Sultanate of Oman Oman Authority for Academic Accreditation and Quality Assurance of Education (OAAAQA)

Agency overview
- Headquarters: Muscat, Oman
- Agency executives: Dr Jokha Bint Abdullah Al Shukaili, President; HE Prof Rahma Bin Ibrahim Al Mahrooqi, Chair of OAAAQA Board;
- Website: www.oaaa.gov.om

= Oman Academic Accreditation Authority =

The Oman Authority for Academic Accreditation and Quality Assurance of Education (OAAAQA), formerly the Oman Academic Accreditation Authority (OAAA) is charged with assisting in the development of the higher education sector in Oman through institutional quality audits and institutional and program accreditation processes. Also, in collaboration with the Ministry of Higher Education, it has responsibilities for establishing academic standards, and providing training and networking opportunities.
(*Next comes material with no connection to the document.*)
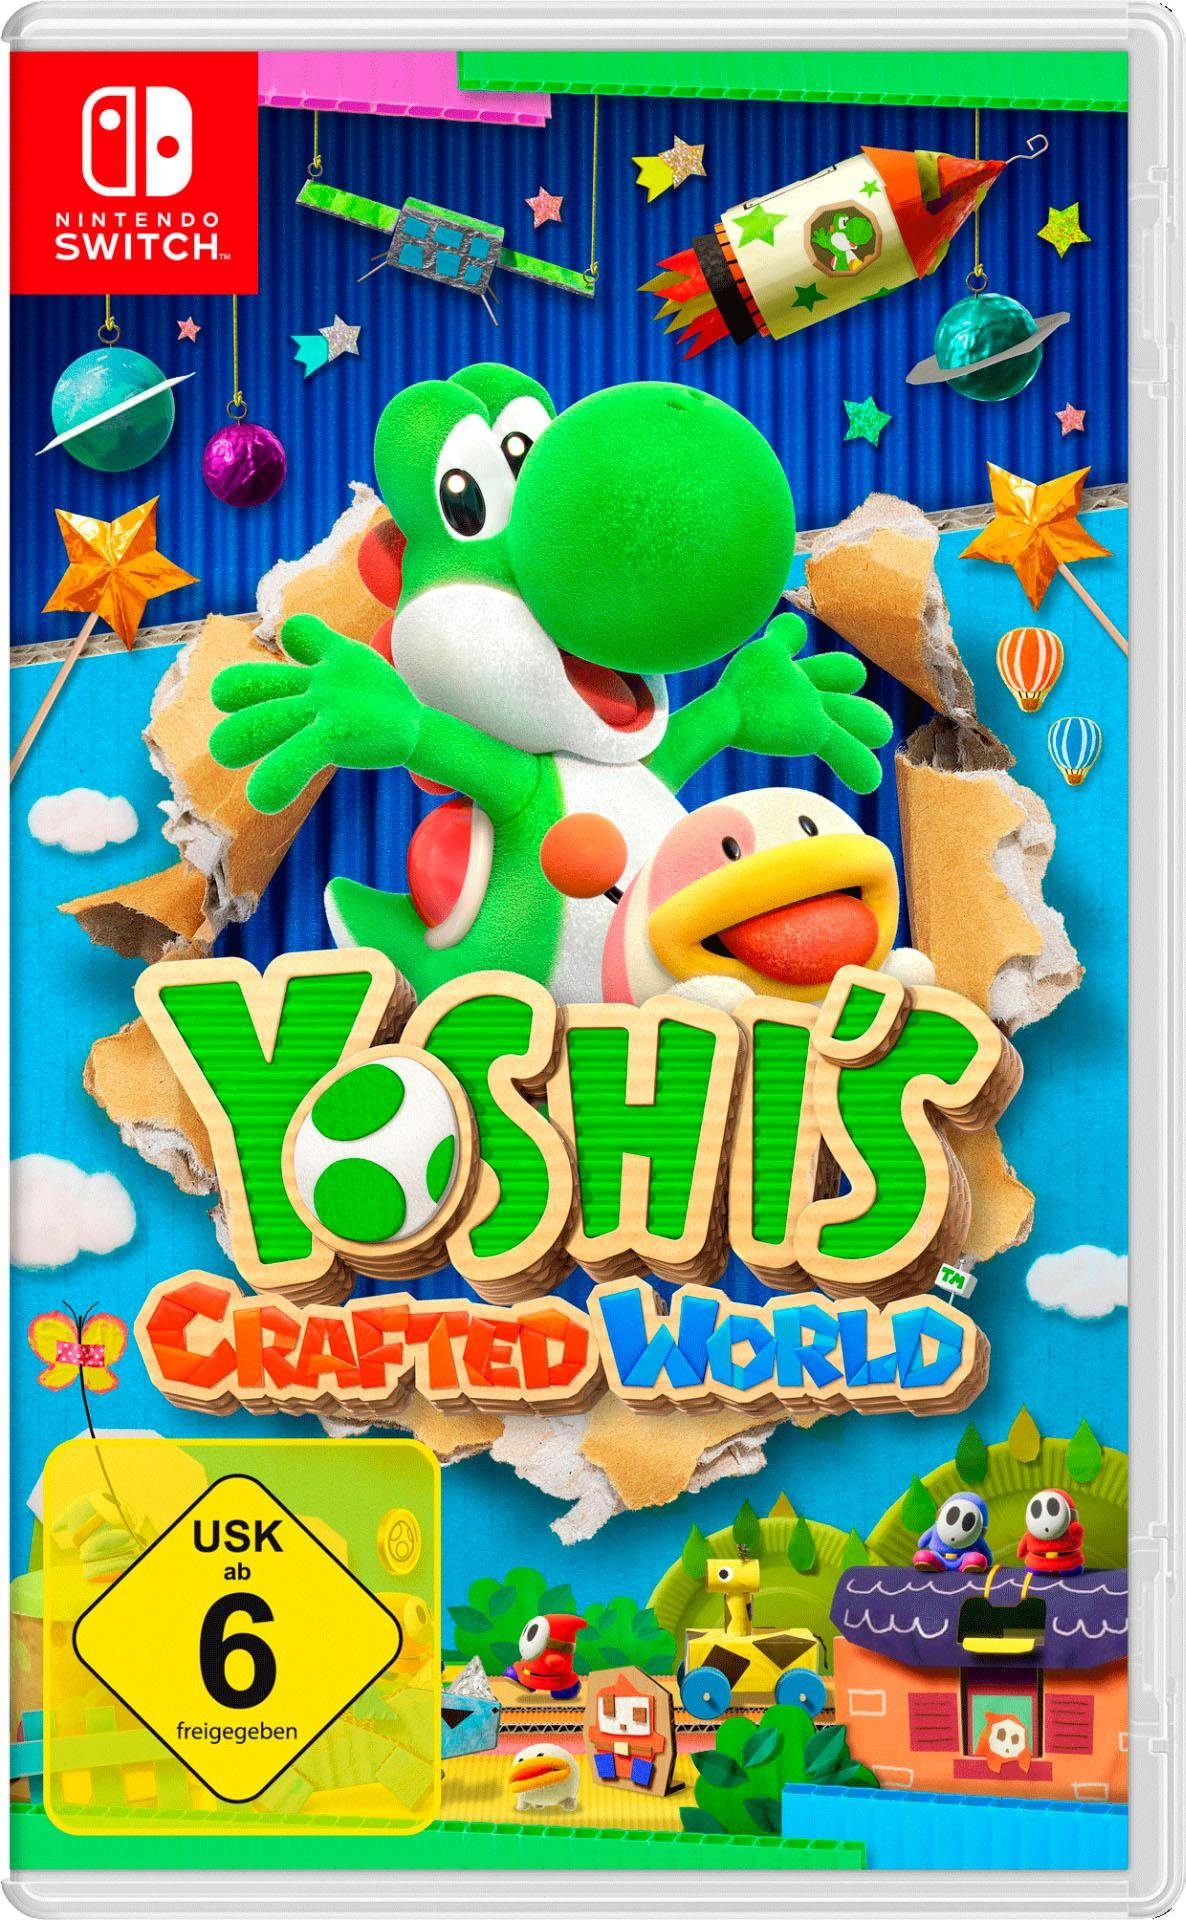 World Yoshi’s Nintendo Switch Crafted

The Oman Accreditation Council (OAC) was established by Royal Decree in 2001 by His Majesty Sultan Qaboos bin Said, under the chairmanship of Dr Hamed Al Dhahab. The OAC became the OAAA in May 2010. It is a full member of ANQAHE, the Arab Network for Quality Assurance in Higher Education. It is also a full member of the International Network of Quality Assurance Agencies in Higher Education (INQAAHE).

It partners with the Oman Quality Network in Higher Education (OQNHE), established in 2006 and charged with sharing best practice among post-compulsory educational institutions in Oman.

OAAA uses the ADRI approach for the evaluation of a university's effectiveness.